Прямо из актового зала их повели в военкомат; они шли строем, пели бравые песни, и Михаил вместе с другими выводил надсаженным своим тенорком: “Если завтра война, если завтра в поход…”, и молился, отчаянно молился про себя, чтоб или кирпич с вон той ветхой развалюхи сорвался откуда-нибудь из-под самой крыши, или чтоб во-он та извозчичья лошаденка вдруг понесла, врезалась в строй и… Или чтоб у Михаила Мечникова вдруг открылся какой-нибудь страшный неизлечимый недуг… Ведь другим же везёт – Глущенко, например, одноногий; ему хорошо…

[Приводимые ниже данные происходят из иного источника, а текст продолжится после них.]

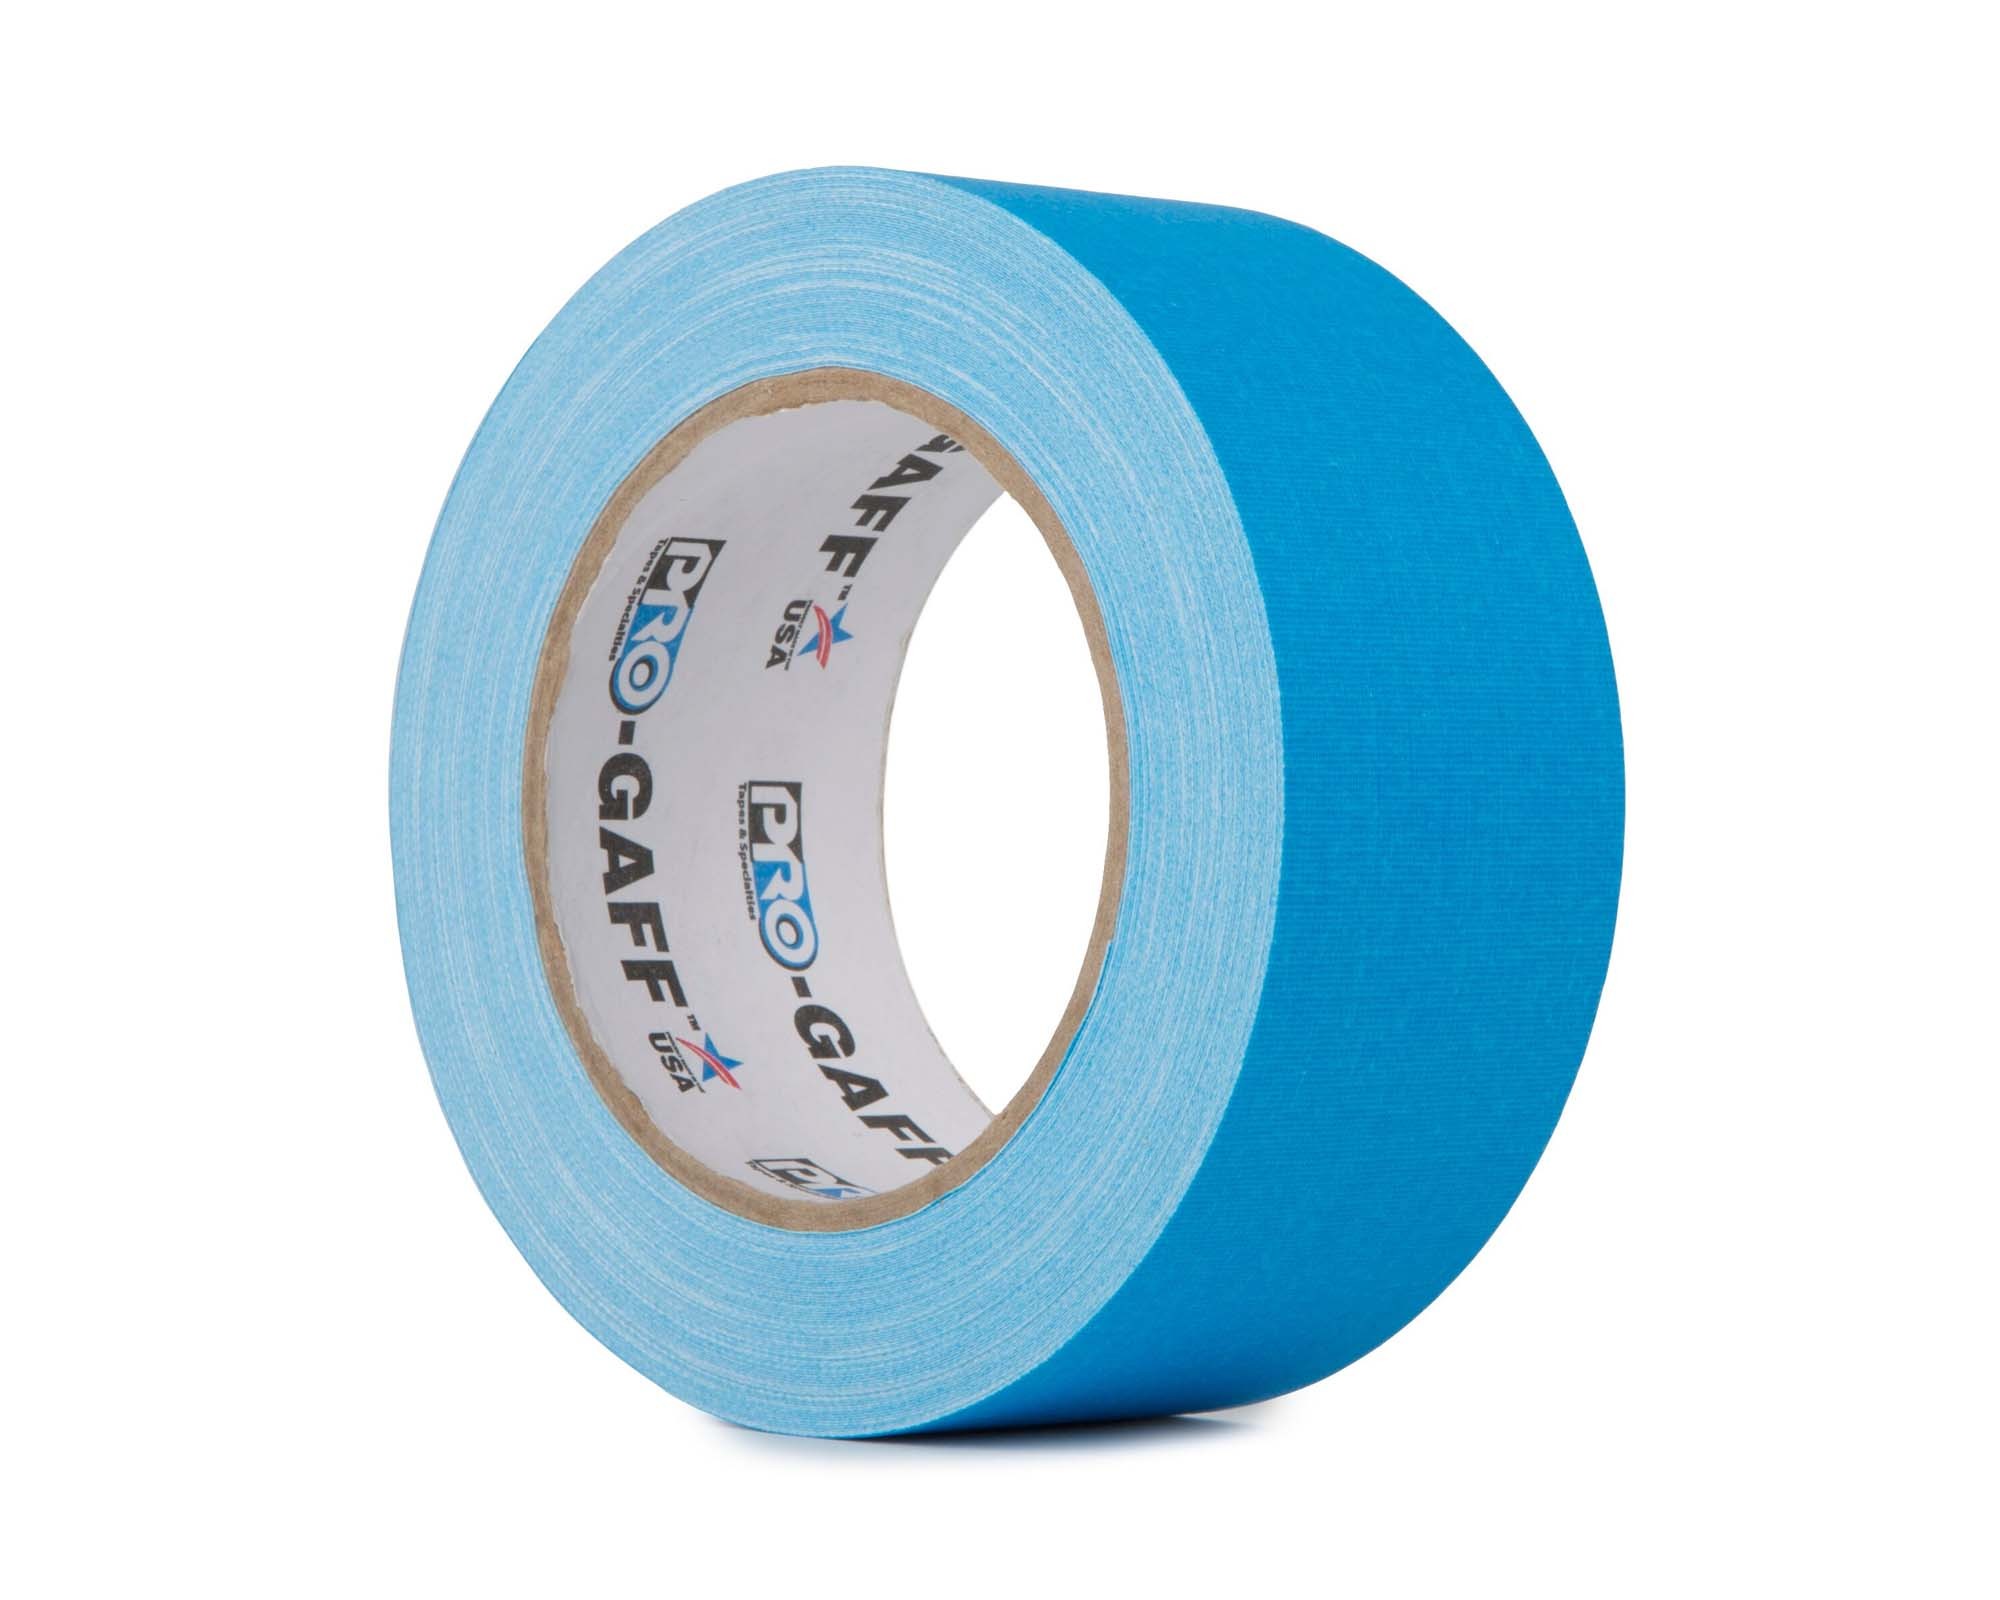 Pro Gaff FLUORESCENT Gaffer Tape 48mm x 25yds BLUE, Le Mark

Кирпич не сорвался. Лошаденка не понесла. Открытие недуга не состоялось. Господь побрезговал внять молитвам сопливого атеиста, возмечтавшего об увечьи как о способе отбояриться от судьбы под названием “комсомольский набор”. И в военкомате всё прошло лихо. По-Ворошиловски. На ура.

Быстро, очень быстро, слишком быстро сломалась Михаилова жизнь на чьем-то колене, обтянутом жестким зелёным сукном. Даже проститься с Леонид Леонидычем не удалось – старик был тогда в Ленинграде по каким-то делам.

Леонид Леонидович…

Старый бранчливый неряха, похожий на облезлого перекормленного кота…

Как он тогда раздолбал курсовую работу самонадеянного нахала по фамилии Мечников! В пух и прах раздолбал. Вдрызг. В клочья.

Слава богу, наконец-то вспомнилось по-настоящему хорошее!

* * *

– Ну-с, чего же вы изволите ждать, молодой человек?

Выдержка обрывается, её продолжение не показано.